PostgreSQL - Executor: Append
Created by : Mr Dk.
2021 / 07 / 04 15:18
Hangzhou, Zhejiang, China
Append 节点包含一个需要被迭代处理的 一个或多个子计划 的链表。根据注释说明,Append 节点会从链表中的每个子计划里获取元组,直到没有元组可以获得,然后处理下一个子计划。因此,Append 节点可用于处理 union 查询,比如继承表的查询:查询父表时,会生成顺带查询所有继承子表的查询计划,那么查询父表和子表的子计划都会被放到 Append 节点的链表中。
/* INTERFACE ROUTINES
* ExecInitAppend - initialize the append node
* ExecAppend - retrieve the next tuple from the node
* ExecEndAppend - shut down the append node
* ExecReScanAppend - rescan the append node
*
* NOTES
* Each append node contains a list of one or more subplans which
* must be iteratively processed (forwards or backwards).
* Tuples are retrieved by executing the 'whichplan'th subplan
* until the subplan stops returning tuples, at which point that
* plan is shut down and the next started up.
*
* Append nodes don't make use of their left and right
* subtrees, rather they maintain a list of subplans so
* a typical append node looks like this in the plan tree:
*
* ...
* /
* Append -------+------+------+--- nil
* / \ | | |
* nil nil ... ... ...
* subplans
*
* Append nodes are currently used for unions, and to support
* inheritance queries, where several relations need to be scanned.
* For example, in our standard person/student/employee/student-emp
* example, where student and employee inherit from person
* and student-emp inherits from student and employee, the
* query:
*
* select name from person
*
* generates the plan:
*
* |
* Append -------+-------+--------+--------+
* / \ | | | |
* nil nil Scan Scan Scan Scan
* | | | |
* person employee student student-emp
*/
Plan Node
根据注释里的信息,Append 节点不需要用到 Plan 结构体内带有的左右孩子节点,而是自行扩展了计划节点定义,为所有的子计划维护一个链表 appendplans
:
/* ----------------
* Append node -
* Generate the concatenation of the results of sub-plans.
* ----------------
*/
typedef struct Append
{
Plan plan;
Bitmapset *apprelids; /* RTIs of appendrel(s) formed by this node */
List *appendplans;
int nasyncplans; /* # of asynchronous plans */
/*
* All 'appendplans' preceding this index are non-partial plans.

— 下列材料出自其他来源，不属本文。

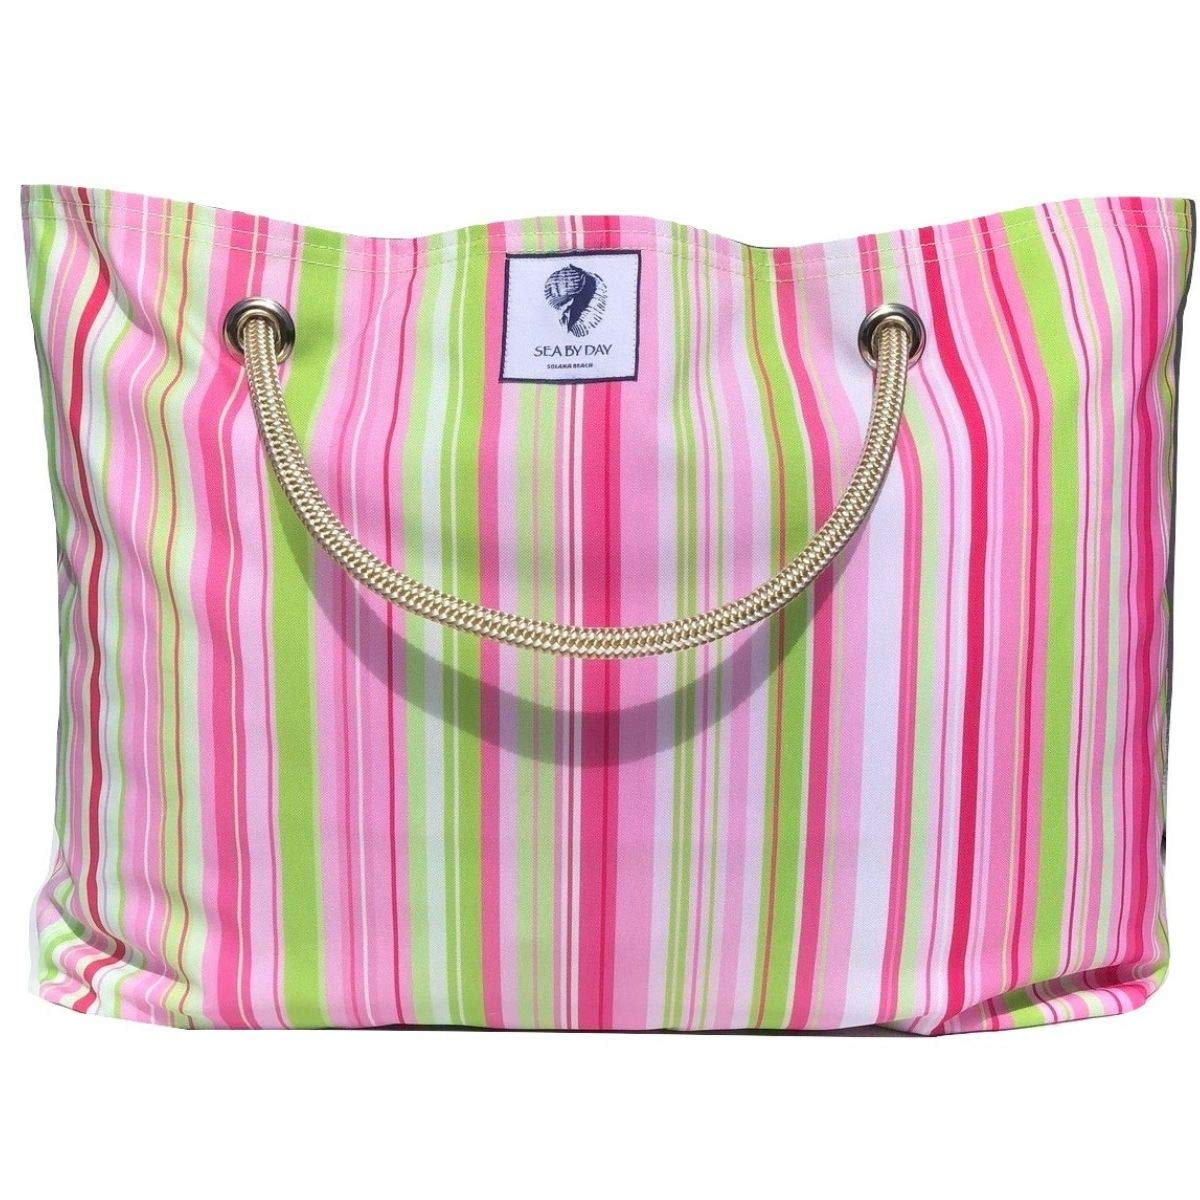 LARGE BEACH BAG Tote Bag for Women, Colorful Waterproof totes

All
* 'appendplans' from this index onwards are partial plans.
*/
int first_partial_plan;
/* Info for run-time subplan pruning; NULL if we're not doing that */
struct PartitionPruneInfo *part_prune_info;
} Append;
对于 Append 节点对应的 PlanState,其中维护了链表的长度(子计划的个数),以及目前正在执行的子计划的状态信息(哪一个子计划 / 执行是否开始 / 执行是否完成):
/* ----------------
* AppendState information
*
* nplans how many plans are in the array
* whichplan which synchronous plan is being executed (0 .. n-1)

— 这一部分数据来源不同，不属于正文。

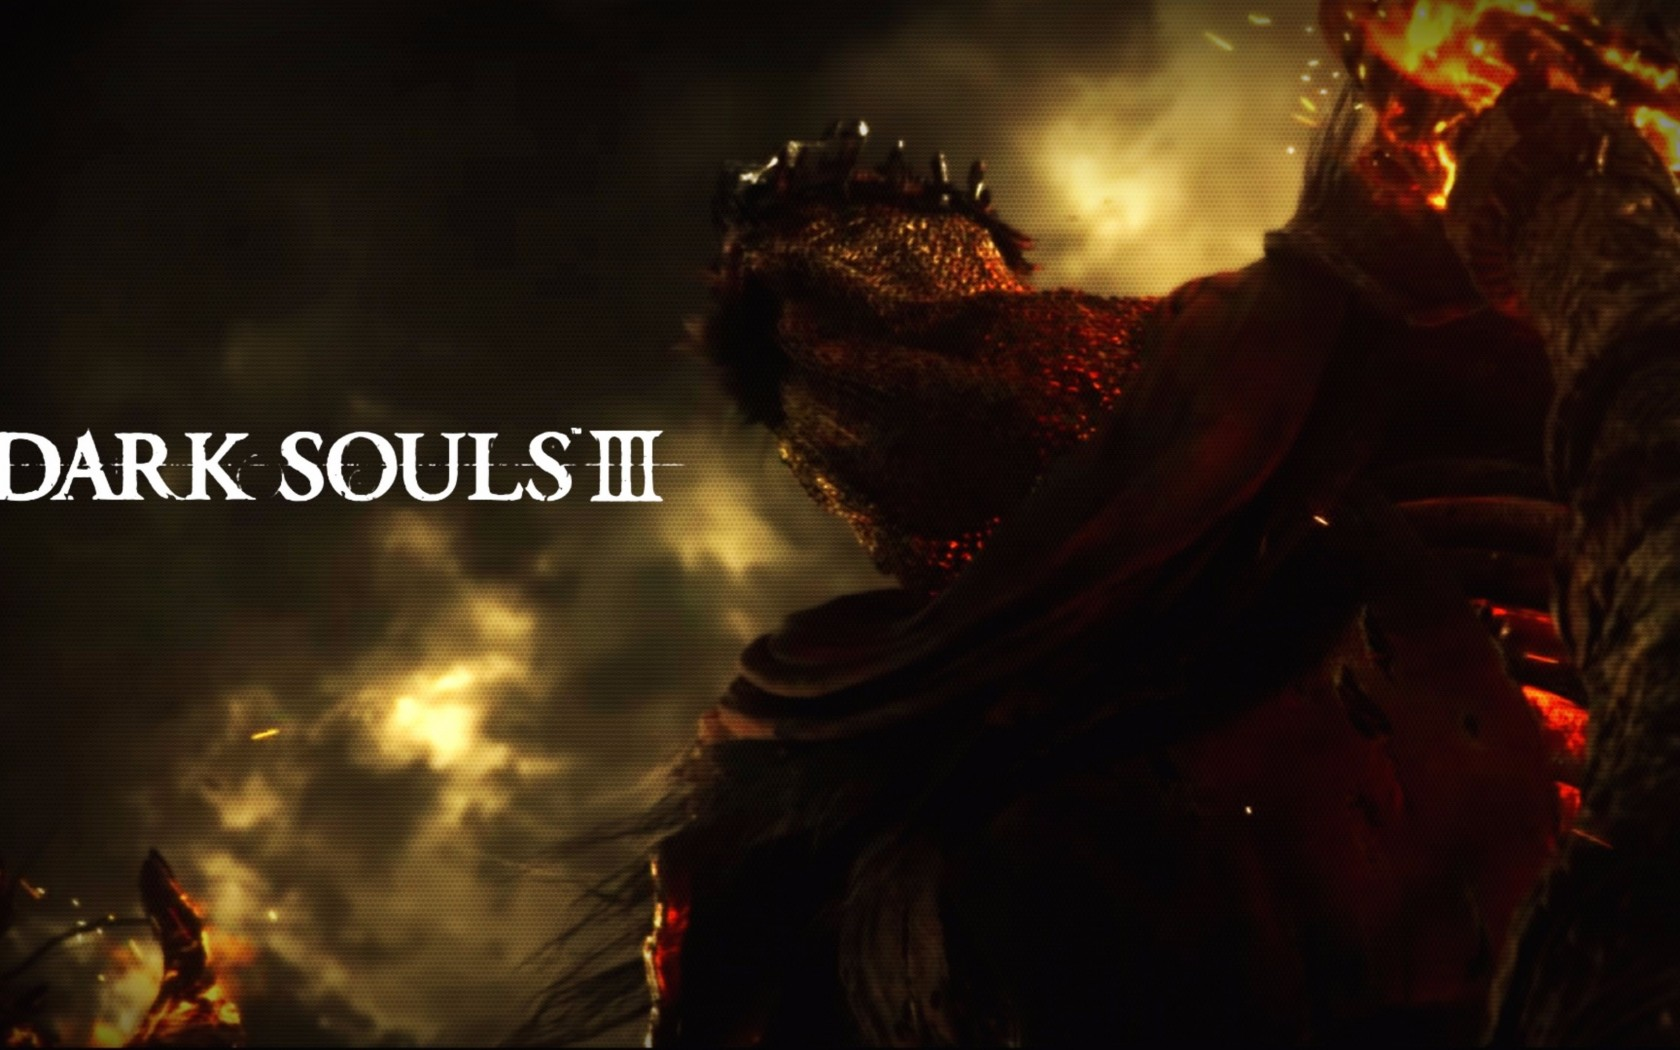 Download Dark Souls 3 4K Wallpapers 4K Wallpaper 1680x1050

* or a special negative value. See nodeAppend.c.
* prune_state details required to allow partitions to be
* eliminated from the scan, or NULL if not possible.
* valid_subplans for runtime pruning, valid synchronous appendplans
* indexes to scan.
* ----------------
*/
struct AppendState;
typedef struct AppendState AppendState;
struct ParallelAppendState;
typedef struct ParallelAppendState ParallelAppendState;
struct PartitionPruneState;
struct AppendState
{
PlanState ps; /* its first field is NodeTag */
PlanState **appendplans; /* array of PlanStates for my inputs */
int as_nplans;
int as_whichplan;
bool as_begun; /* false means need to initialize */
Bitmapset *as_asyncplans; /* asynchronous plans indexes */
int as_nasyncplans; /* # of asynchronous plans */
AsyncRequest **as_asyncrequests; /* array of AsyncRequests */
TupleTableSlot **as_asyncresults; /* unreturned results of async plans */
int as_nasyncresults; /* # of valid entries in as_asyncresults */
bool as_syncdone; /* true if all synchronous plans done in
* asynchronous mode, else false */
int as_nasyncremain; /* # of remaining asynchronous plans */
Bitmapset *as_needrequest; /* asynchronous plans needing a new request */
struct WaitEventSet *as_eventset; /* WaitEventSet used to configure file
* descriptor wait events */
int as_first_partial_plan; /* Index of 'appendplans' containing
* the first partial plan */
ParallelAppendState *as_pstate; /* parallel coordination info */
Size pstate_len; /* size of parallel coordination info */
struct PartitionPruneState *as_prune_state;
Bitmapset *as_valid_subplans;
Bitmapset *as_valid_asyncplans; /* valid asynchronous plans indexes */
bool (*choose_next_subplan) (AppendState *);
};
Initialization
该函数在 ExecInitNode()
生命周期中被调用,完成给 Append 节点构造相应 AppendState 节点的工作。该函数内会为一次性为所有子计划分配好 PlanState
结构体的空间,然后为每一个子计划递归调用 ExecInitNode()
。
这里与一般节点有区别。其它节点都是对当前节点的左右孩子递归调用
ExecInitNode()
;Append 节点没有左右孩子节点,是通过遍历子计划链表,分别调用ExecInitNode()
来完成初始化的。
/* ----------------------------------------------------------------
* ExecInitAppend
*
* Begin all of the subscans of the append node.
*
* (This is potentially wasteful, since the entire result of the
* append node may not be scanned, but this way all of the
* structures get allocated in the executor's top level memory
* block instead of that of the call to ExecAppend.)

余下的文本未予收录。